• _Assignment_: Exact copy, no pictures: output all the records that follow.

************

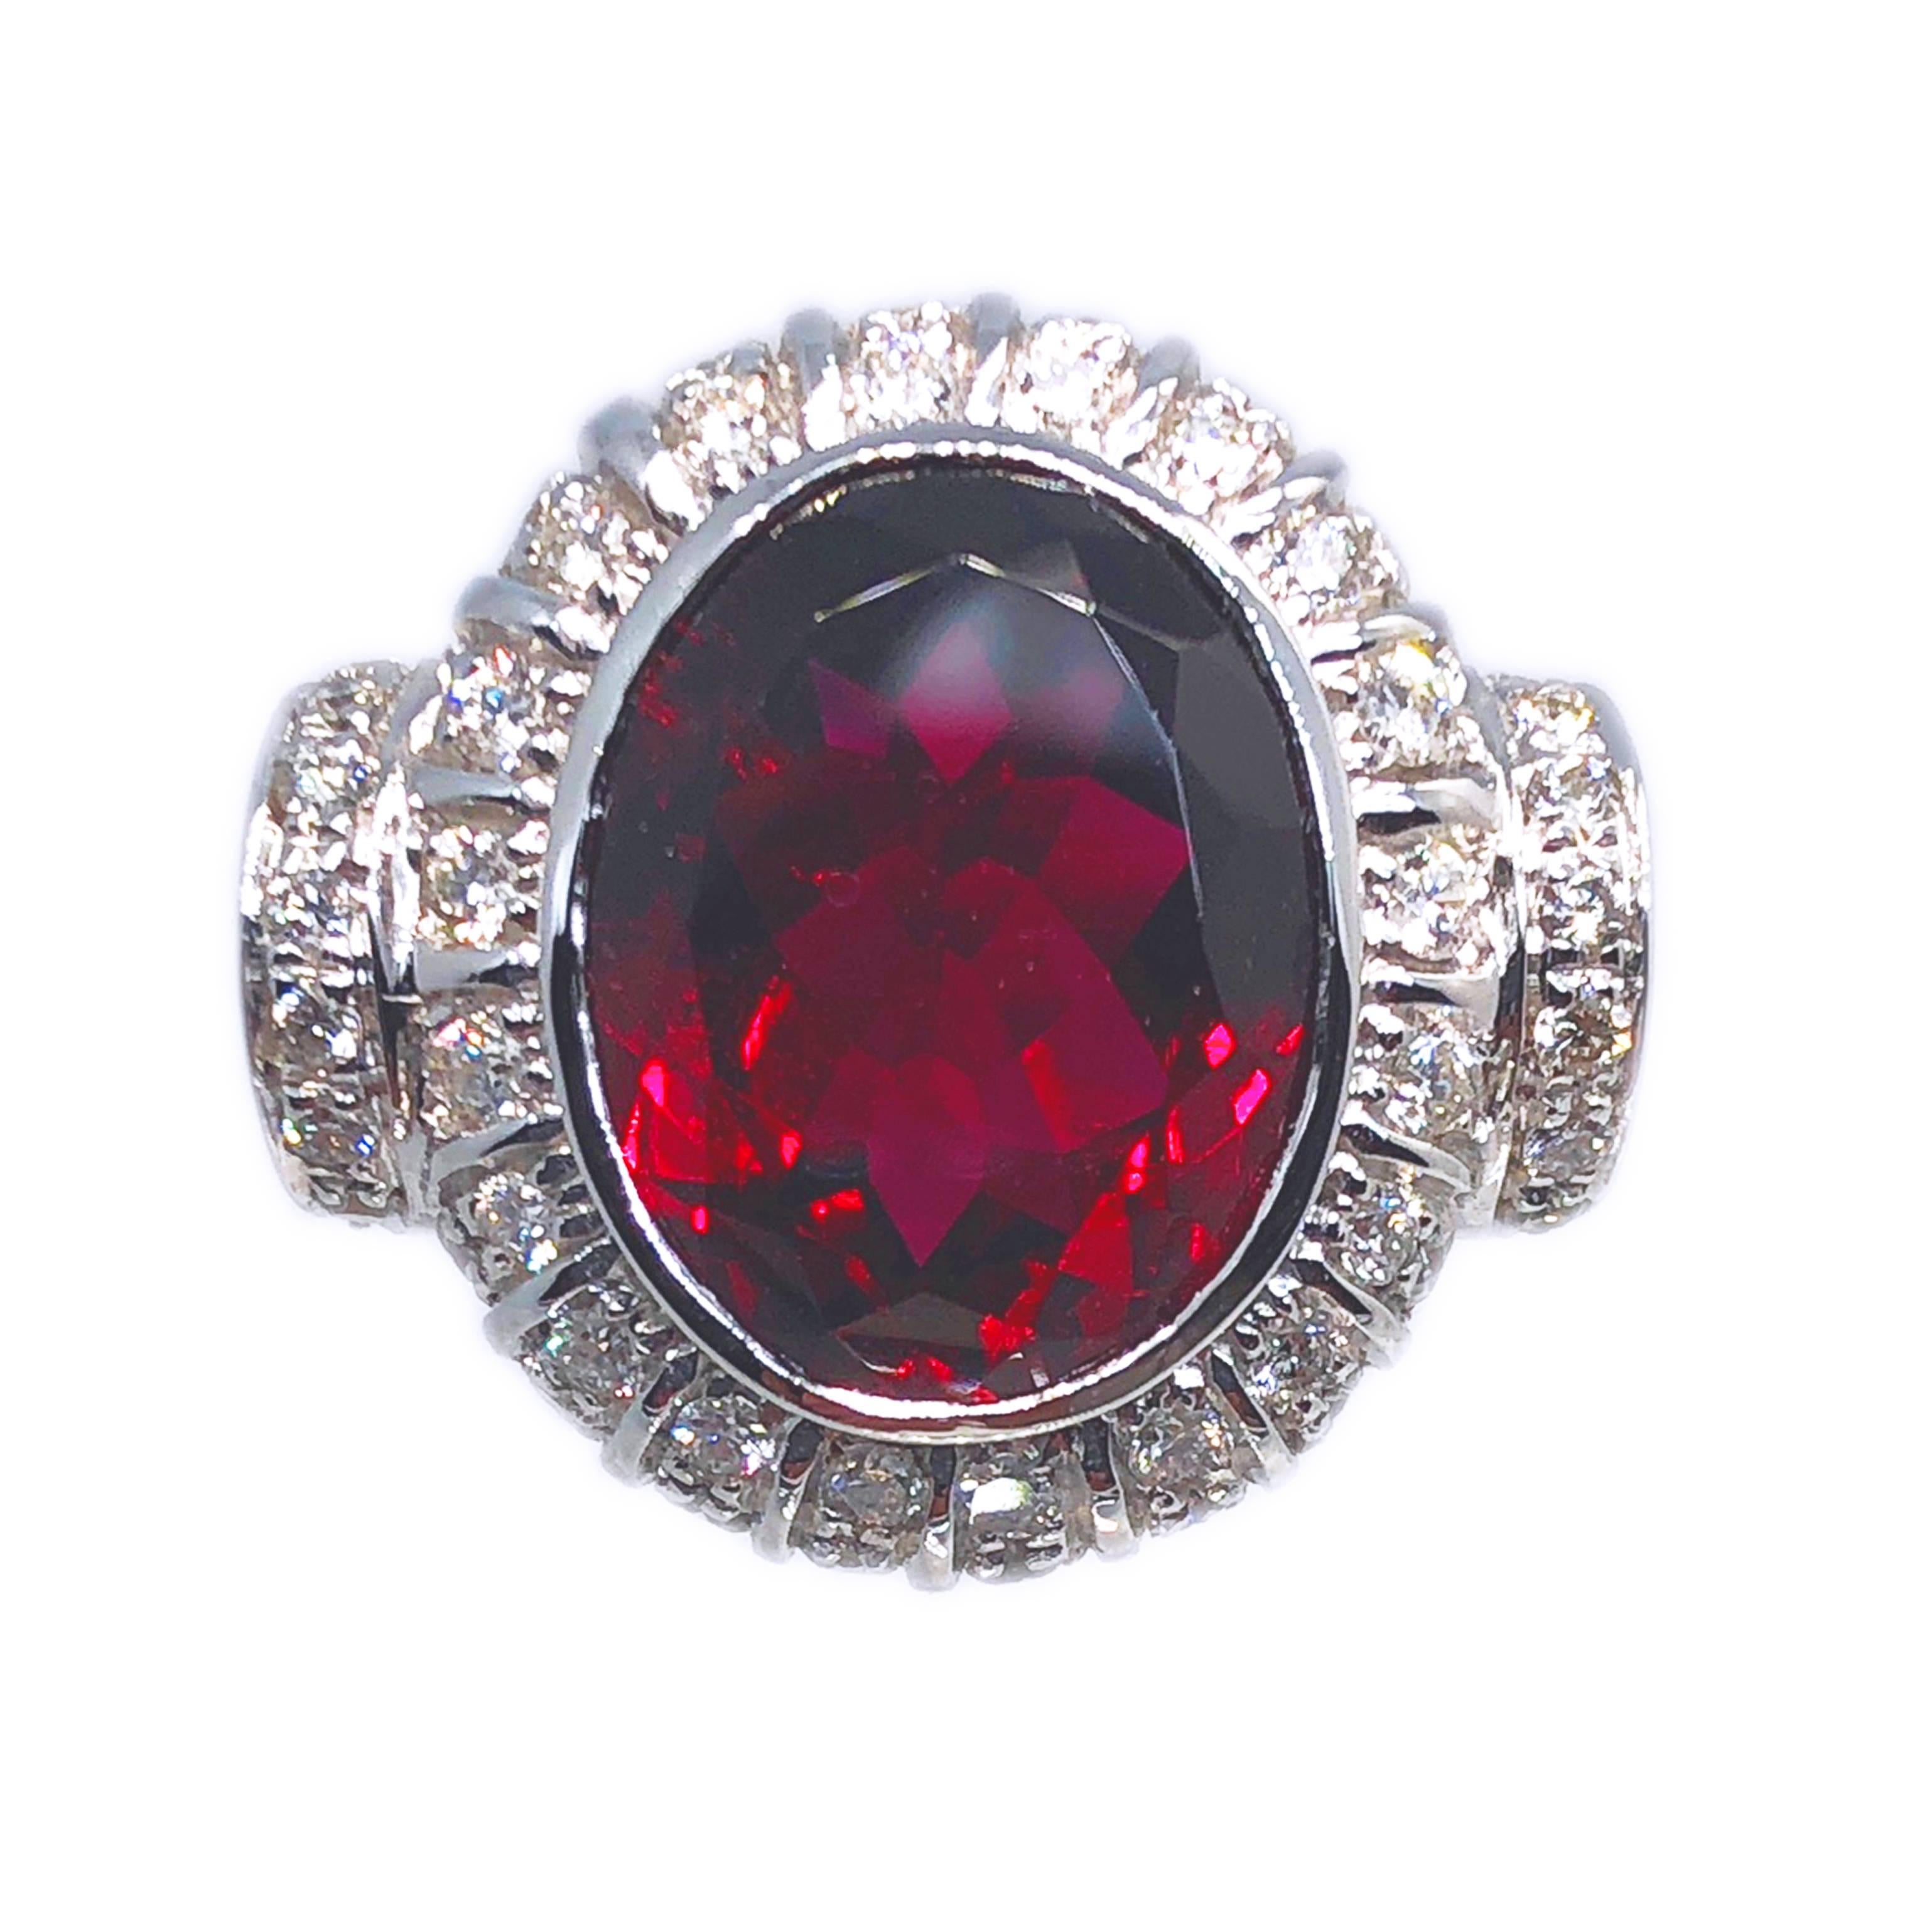 One-of-a-kind, Beautiful 8.81 Kt Natural Oval Cut Red Tourmaline(Rubelite) in a Sumptuos White Diamond, 18 Kt White Gold Setting(1.53 kt, F-G, VVs1).
Us size 6 1/2
French size 54

We offer complimentary resizing on this piece
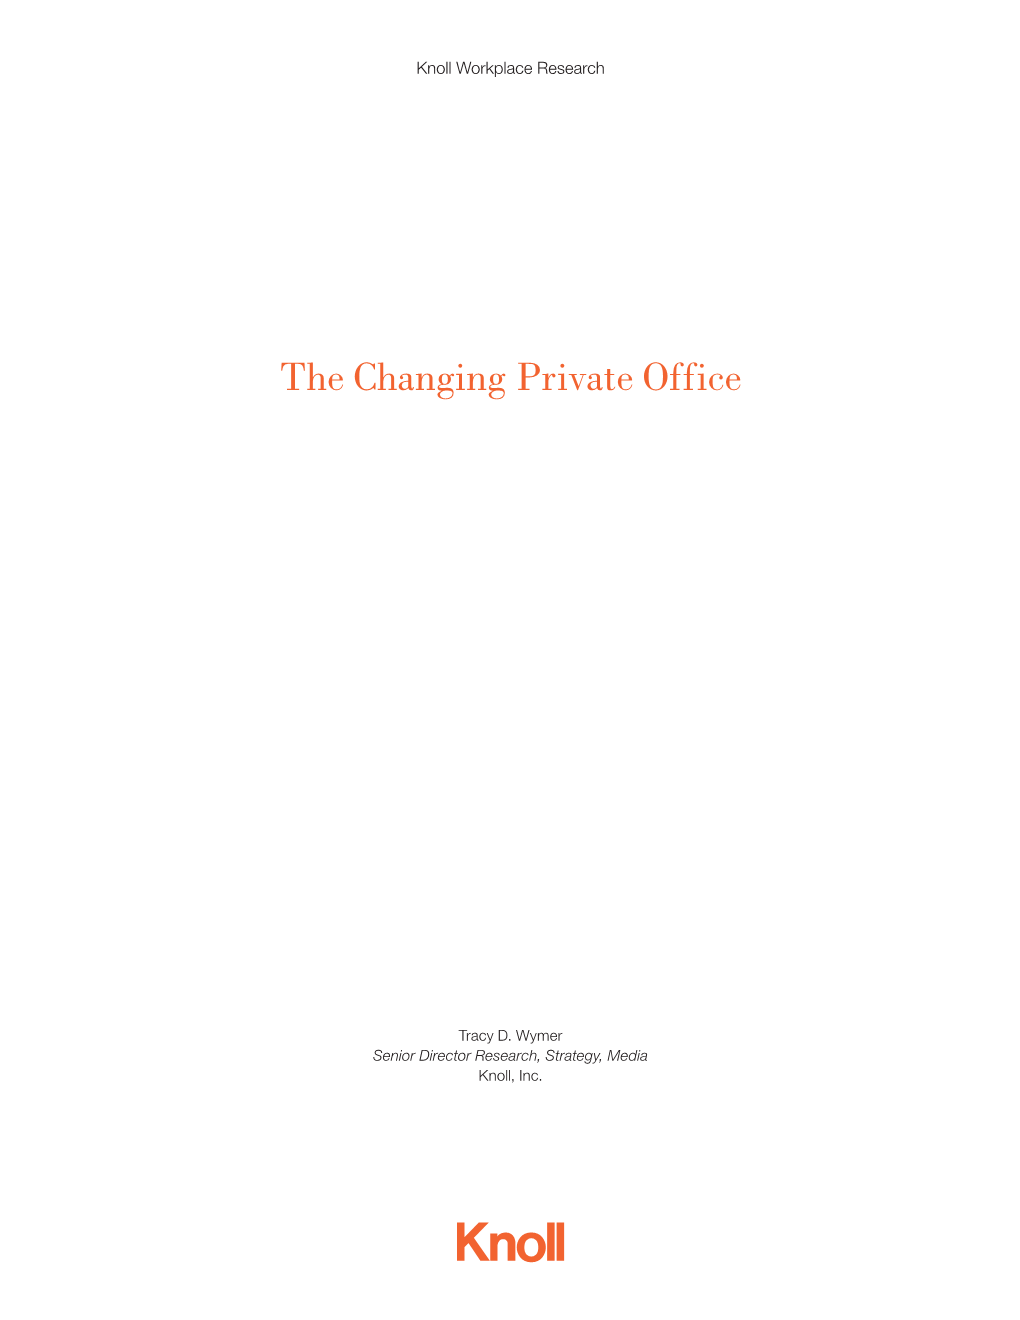 The Changing Private Office

************

• _Output for this task_:
 One-of-a-kind, Beautiful 8.81 Kt Natural Oval Cut Red Tourmaline(Rubelite) in a Sumptuos White Diamond, 18 Kt White Gold Setting(1.53 kt, F-G, VVs1).
Us size 6 1/2
French size 54

We offer complimentary resizing on this piece
 The Changing Private Office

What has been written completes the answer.